这个吻开始于温柔的触碰,结束在月蕴溪将她舌根。吸得发麻。
“唔!”鹿呦退开时还能感受到那里隐约的刺痛。
“没忍住。”罪魁祸首很无辜,“软软的,太好吸了,果冻一样。”
鹿呦捂她的嘴,口齿不清地说:“也不用描述这么详细!”
月蕴溪轻笑的气息都喷在她的掌心,与此同时,食指轻轻点在她唇上,忽而探进去。
鹿呦眼睫颤了颤,感受到她的指尖,在她嘴里,像亲吻时的舌尖。
“疼得厉害?”
鹿呦含糊地“嗯”一声。
疼在舌。根,那位置不上不下的,叫人难受。
“也好。”月蕴溪说。
“?”
“下次到这里来,你都会想起来,我们在这里,吻得很激烈。”月蕴溪慢吞吞地收回食指,潮湿的指尖,将话音染出靡靡之感。

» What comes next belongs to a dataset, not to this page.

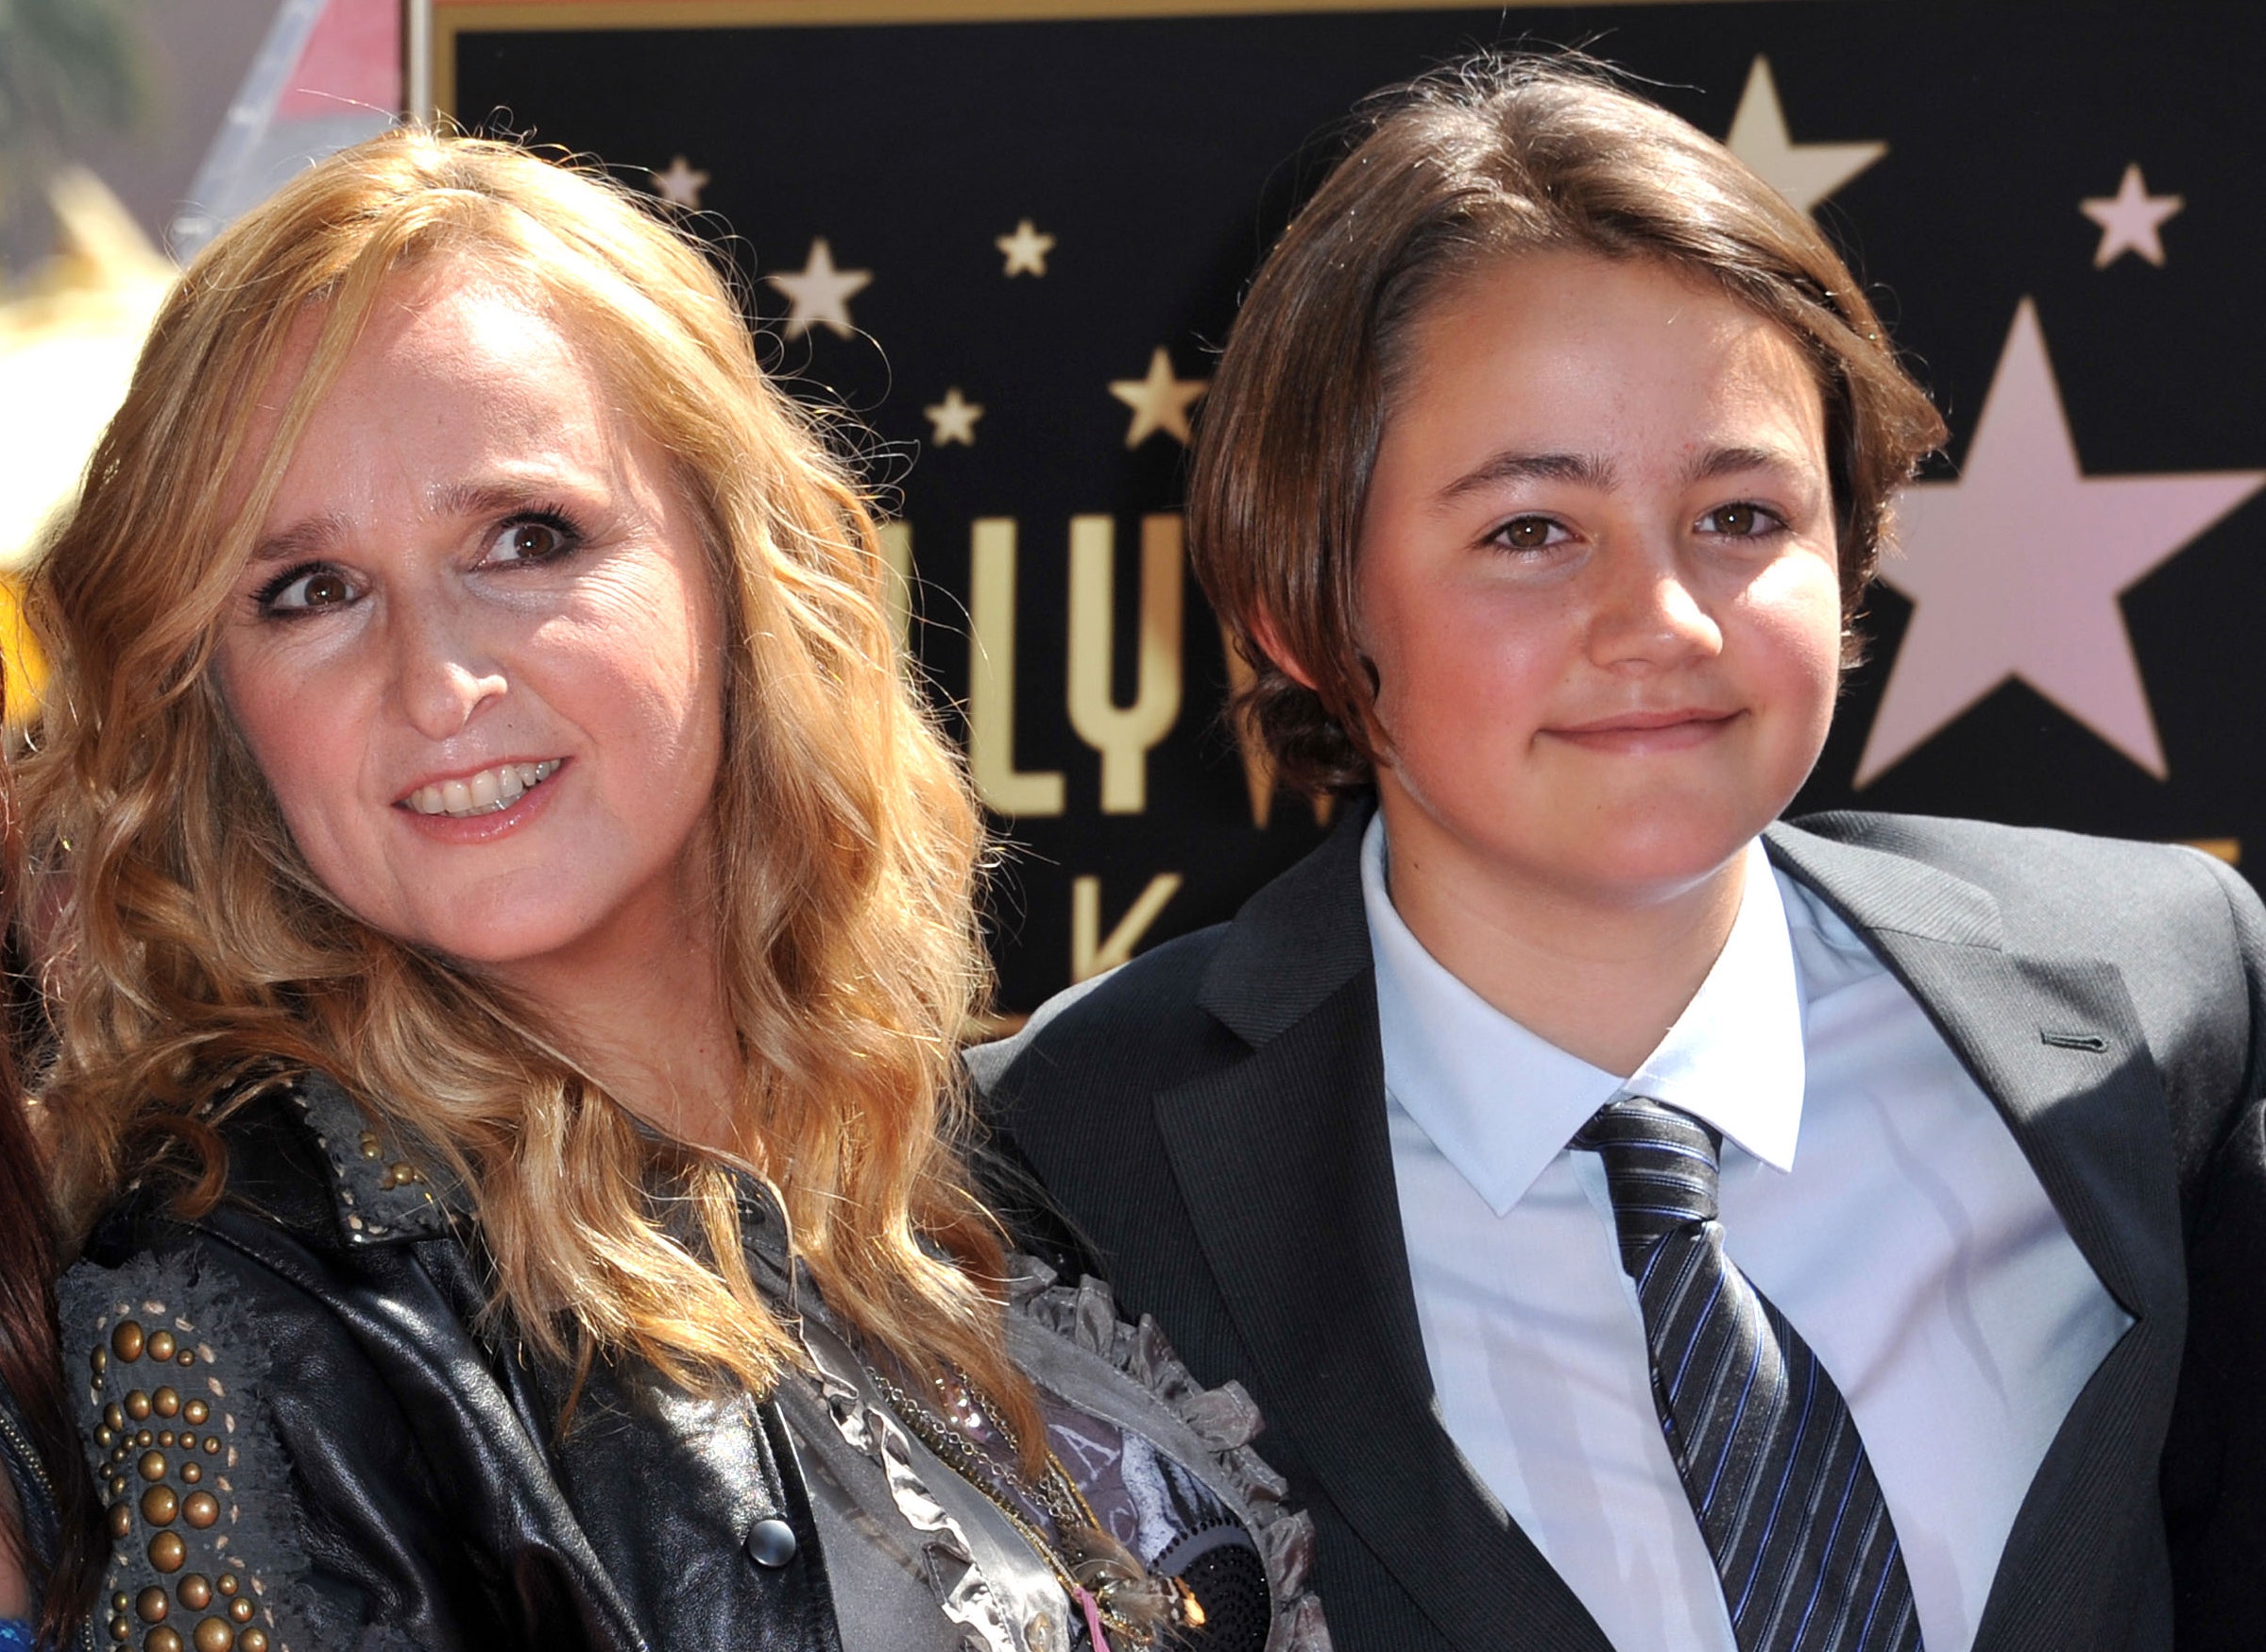 Melissa Etheridge shares continued grief from loss of son to opioid addiction: 'The shame is too big’

鹿呦真想将大胖橘的表情包提上来:你还有多少惊喜是朕不知道的。
“皎皎。”鹿呦在月蕴溪抬眸望过来时说,“原来是个白切黑的黑月亮。”
“那你喜欢么?”月蕴溪问。
鹿呦想都不想:“喜欢。”
“多黑,都喜欢么?”
“多黑?”
月蕴溪笑了笑,很自然地换了话题:“好腻歪啊我们,这样是不是不太好?”
“在别人家的卫生间这么腻歪,可能是不太好。”鹿呦心想,幸好一直没人过来。
奶奶要是看到,不知道后果会是什么样的。
钟疏云要是看到,还不知道会往哪方面想。
下巴痒痒的,月蕴溪在挠她,鹿呦又忍不住想,这人真是气定神闲,一点都不担心。
仿佛笃定了不会有人过来。
月蕴溪很喜欢摸她,有时是鬓角,有时是脸颊,有时是下巴,像在rua某种小动物。
“买下来,就不是在别人家的卫生间里了。”
说这话时,月蕴溪在揉她的耳垂。
像要把她耳根子都揉软。
“钟老师给你多少,让你这么帮她推销,美人计都用上了。”
月蕴溪低笑:“我觉得你不会想知道。”
“真给啦?”惊讶过后是浓厚的好奇,鹿呦问,“给了什么?”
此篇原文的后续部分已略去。